Renaud Visage, Co-Founder, Eventbrite
Renaud Visage is the founding technical architect of Eventbrite. He anticipated several fundamental shifts in the way we use the internet – including the arrival of social media, big data analysis, the shift to mobile devices as first screens and the ubiquity of APIs – and leveraged their disruptive power to Eventbrite’s advantage, fuelling the company’s growth into the globally leading ticketing and event technology platform it is today.
Damien Courbon, COO & Co-Founder, Swapcard
Damien Courbon is the co-founder and COO of Swapcard. Swapcard is an event engagement app, helping B2B event organizers increase interactions and encounters within their audience, and leverage the power of data to improve their events. Launched in 2014, Swapcard now operates in 4 countries and works with industry leaders such as Informa, Clarion, GL Event, Comexposium, and Dubai World Trade Center.
Ruben Onderdelinden, Co-Founder, Lively
Ruben Onderdelinden is co-founder and consultant at the first full service event tech agency in the Benelux. He started his career 7 years ago in sales & marketing at local event app providers. The last 3 years he has been reseller for international tech companies like Grip, Glisser, Swoogo and Boomset. Implementing these various solutions at large organisers like RAI Amsterdam, gave him the right background to guide conferences and tradeshows in the transition to hybrid events & business models. With his independent role towards technology, he is always looking for new opportunities in efficiency, sustainability and business.
Robyn McGirl, Head of Product and Venues, Hire Space
As the Head of Product at Hire Space, Robyn looks at new ways to make event booking a joy through transformational technology for both the Hire Space Professional platform and hirespace.com.

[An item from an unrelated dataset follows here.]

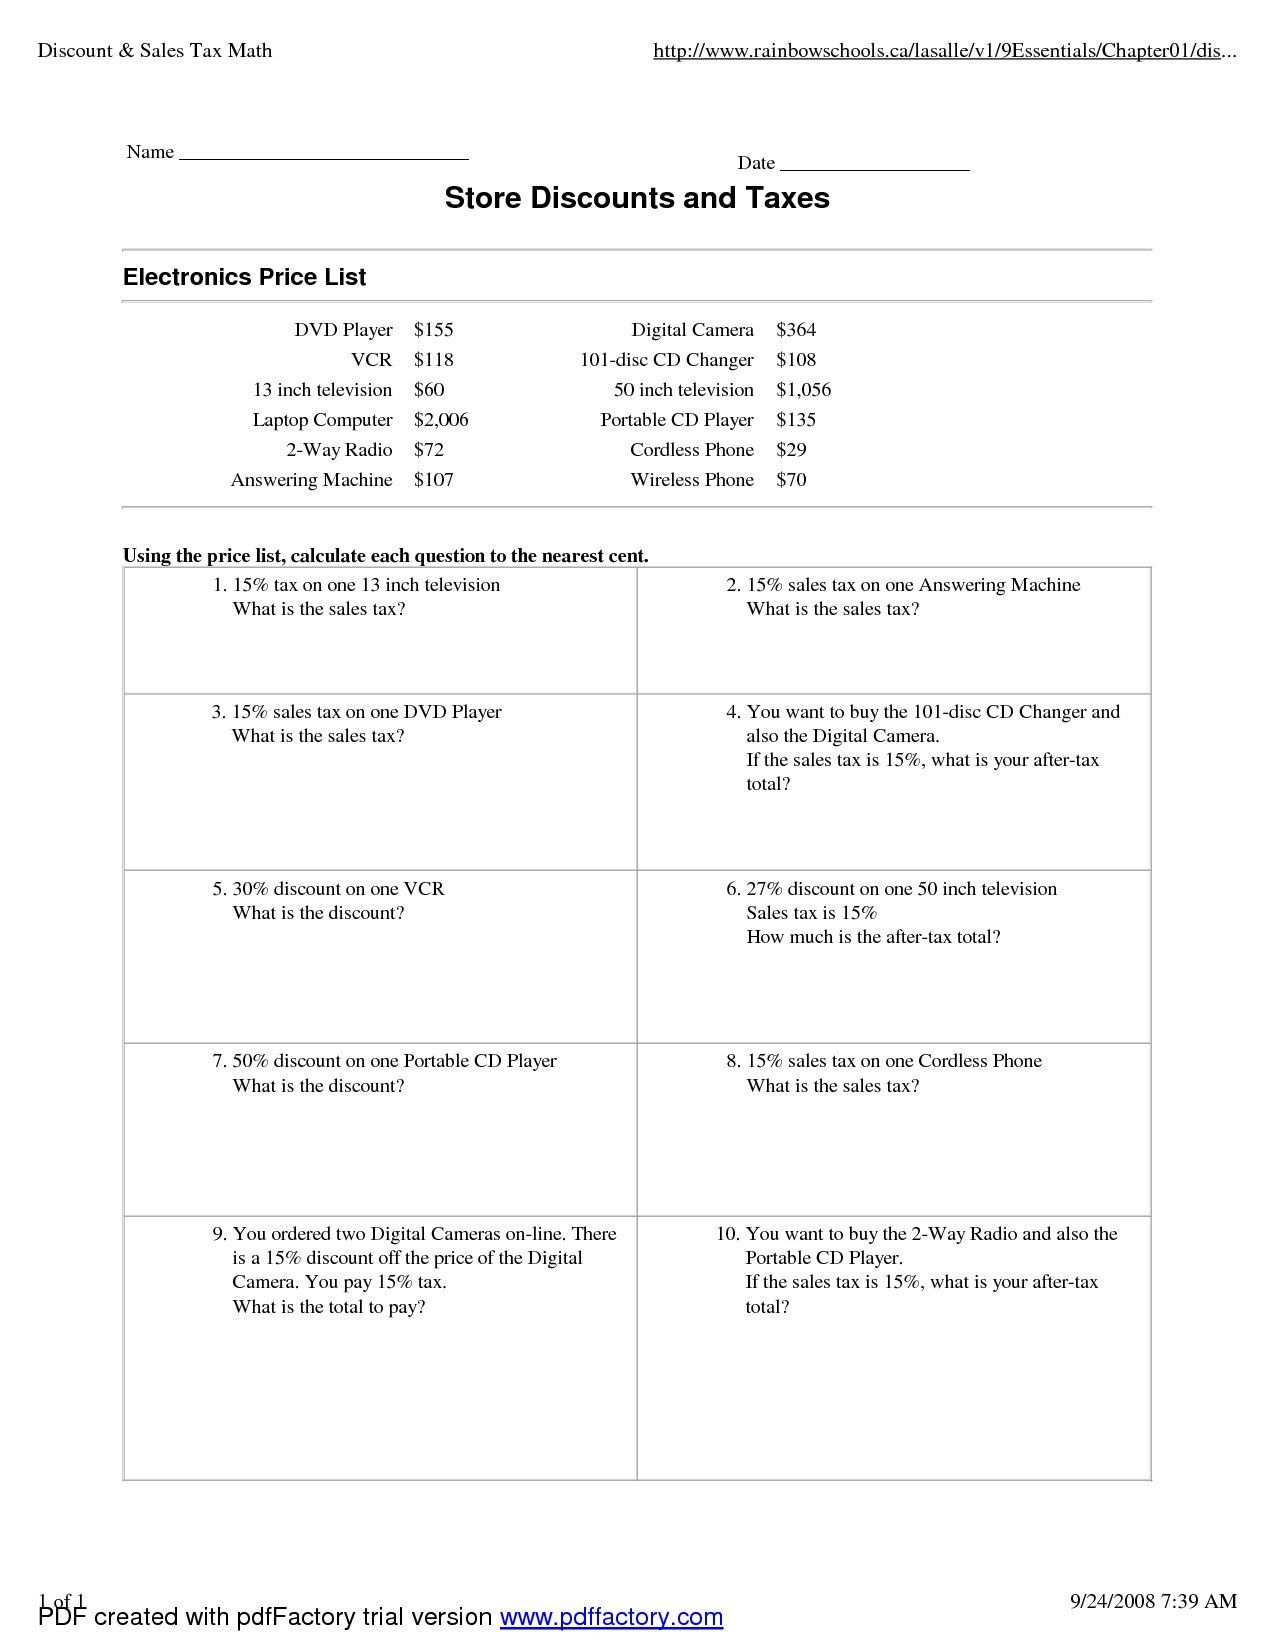 Taxation Worksheet Answers
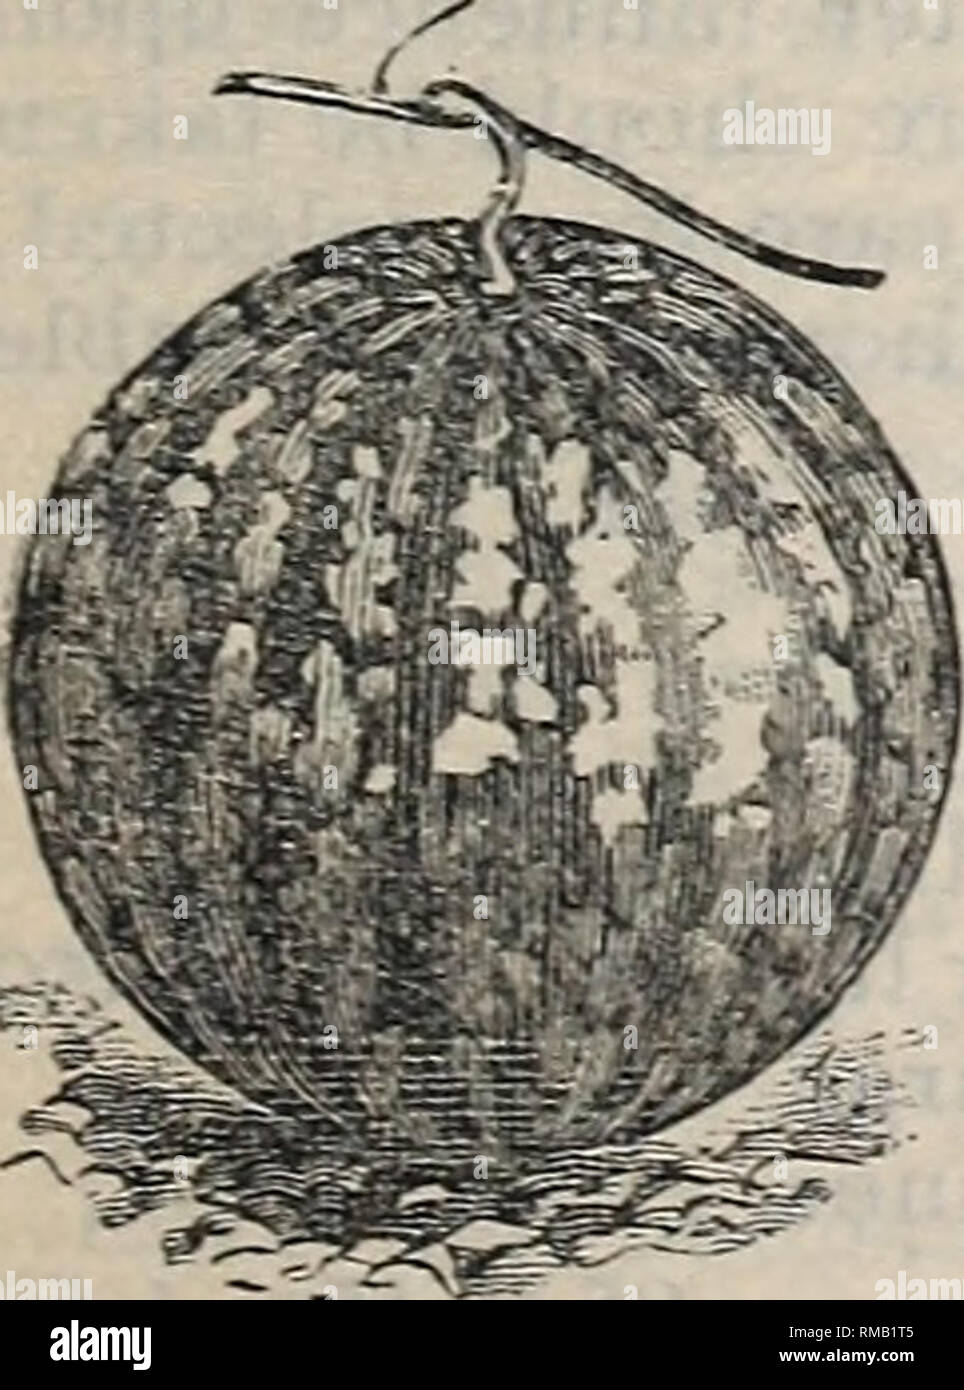 . Annual illustrated catalogue of seeds. Vegetables Seeds Catalogs; Flowers Seeds Catalogs; Gardening Equipment and supplies Catalogs; Commercial catalogs Ohio Cleveland. BLACK SPANISH. Mammoth Iron Clad.—A monstrous striped oblong melon, having a rind of such remarkable strength and impenetrability as to render it perfectly &quot;Iron Clad,&quot; hence the best shipper produced to date. Flesh red, sweet, tender, crisp and juicy. Heart very large. The keeping qualities of this melon are remarkable. Whether plucked or left upon the vines, they remain perfectly fresh fully one month after ripeni Stock Photo

Caleb Parker, Founder, Bold
Caleb believes in "challenging the status quo" and is a champion for entrepreneurial and innovative thinking. He is the former CEO of MeetingRooms.com (2013-2016), the world's largest online marketplace (at the time of his exit). Prior to joining MeetingRooms.com, Caleb co-founded a technology startup in 2012 to create the first global distribution system for on-demand office & meeting space. In 2009, Caleb co-founded a flexible workspace consulting firm where he brokered flexible workspace and advised businesses on agile working strategies. Caleb is one of the first licensed commercial real estate agents to speak on the new economy, mobile working trends and the rise of flexible workspace, and has been quoted in numerous publications.